In this case, according to the records, the "detailed description of the invention" and "a simple description of the drawings" recorded in the 3th description of the patent application with the description and the subsequent description and the 3th description of the "exploiting tape" are not stated (i) the combination of the above 36) and the 3rd code (34), but also the combination of the 3rd code of technology and the 3rd code of technology so that it is difficult to understand the mutual relation and effects of the 7th code of technology and the 7th code of equipment connected to the 3rd code of technology (see, e.g., the 7th code of equipment) and the 7th code of equipment to be delivered by the 3rd code of equipment to the 3rd code of technology, and it is hard to see that the 17th code of equipment and the 3th code of equipment are combined with the 7th code of equipment and equipment to be delivered to the 3th code of equipment and operation (see, e.g. the 7th code of equipment).

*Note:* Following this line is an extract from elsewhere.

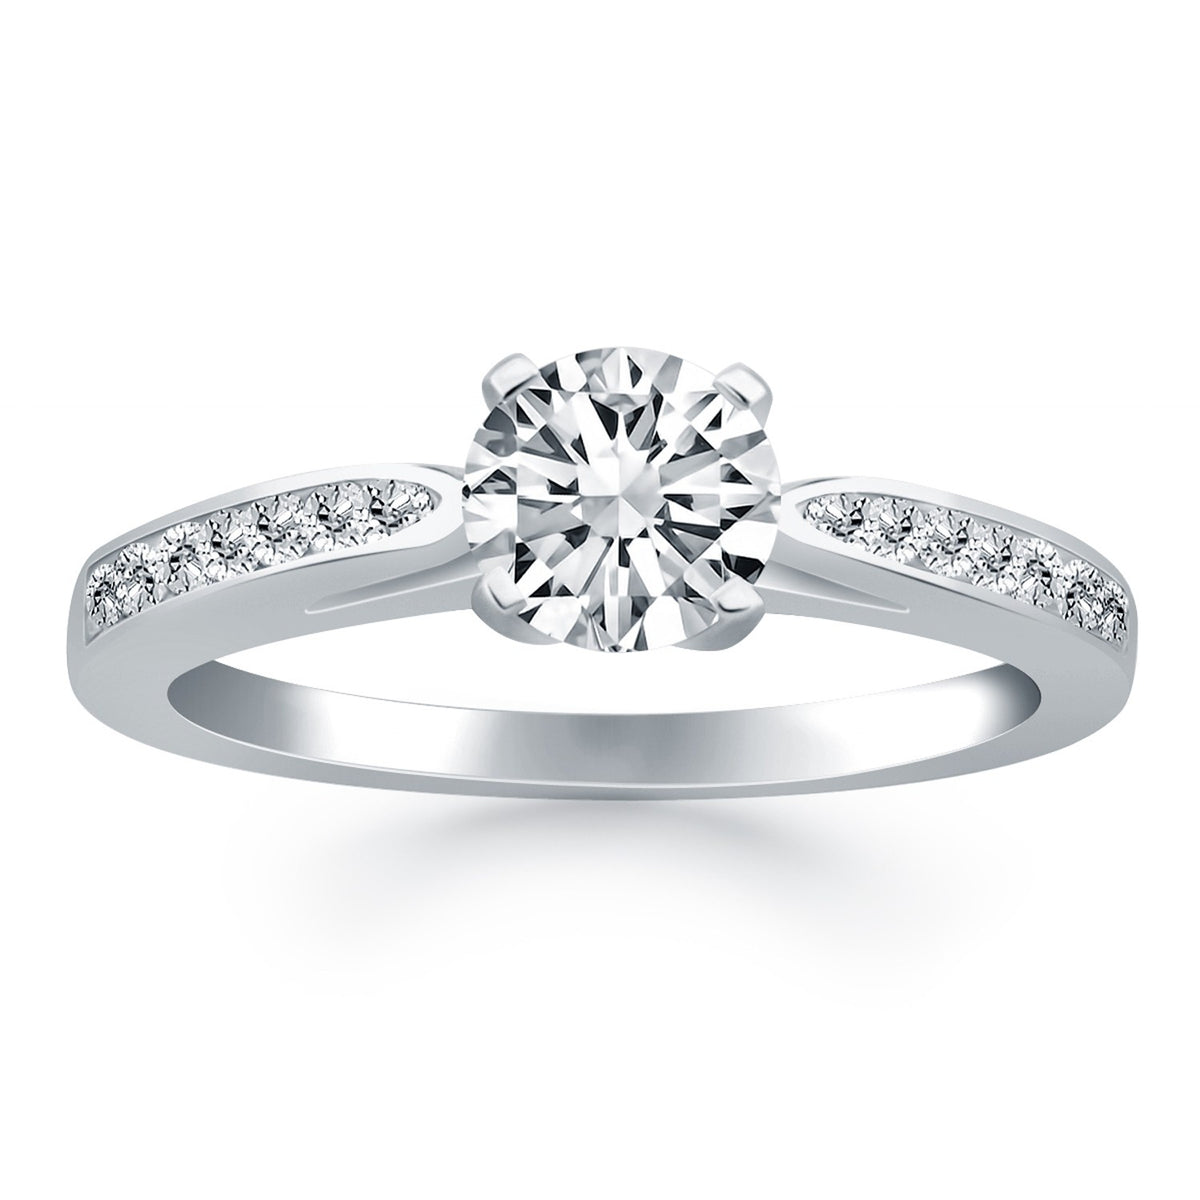 Cathedral Engagement Ring with Pave Diamonds - 14k White Gold

Nevertheless, the court below held that the original invention is not patentable under Article 8(3) and (4) of the former Patent Act for the same reason as the judgment of the court below. Thus, the original decision does not contain any error of law by misunderstanding the legal principles as to the descriptions of the specification to be submitted along with the patent application or failing to properly conduct a hearing, and it is clear that such illegality has affected the trial decision. Thus, there is a reason to point this out.

3. Therefore, the case shall be reversed, and the case shall be remanded to the appellate court for a new trial and determination. It is so decided as per Disposition by the assent of all Justices who reviewed the appeal.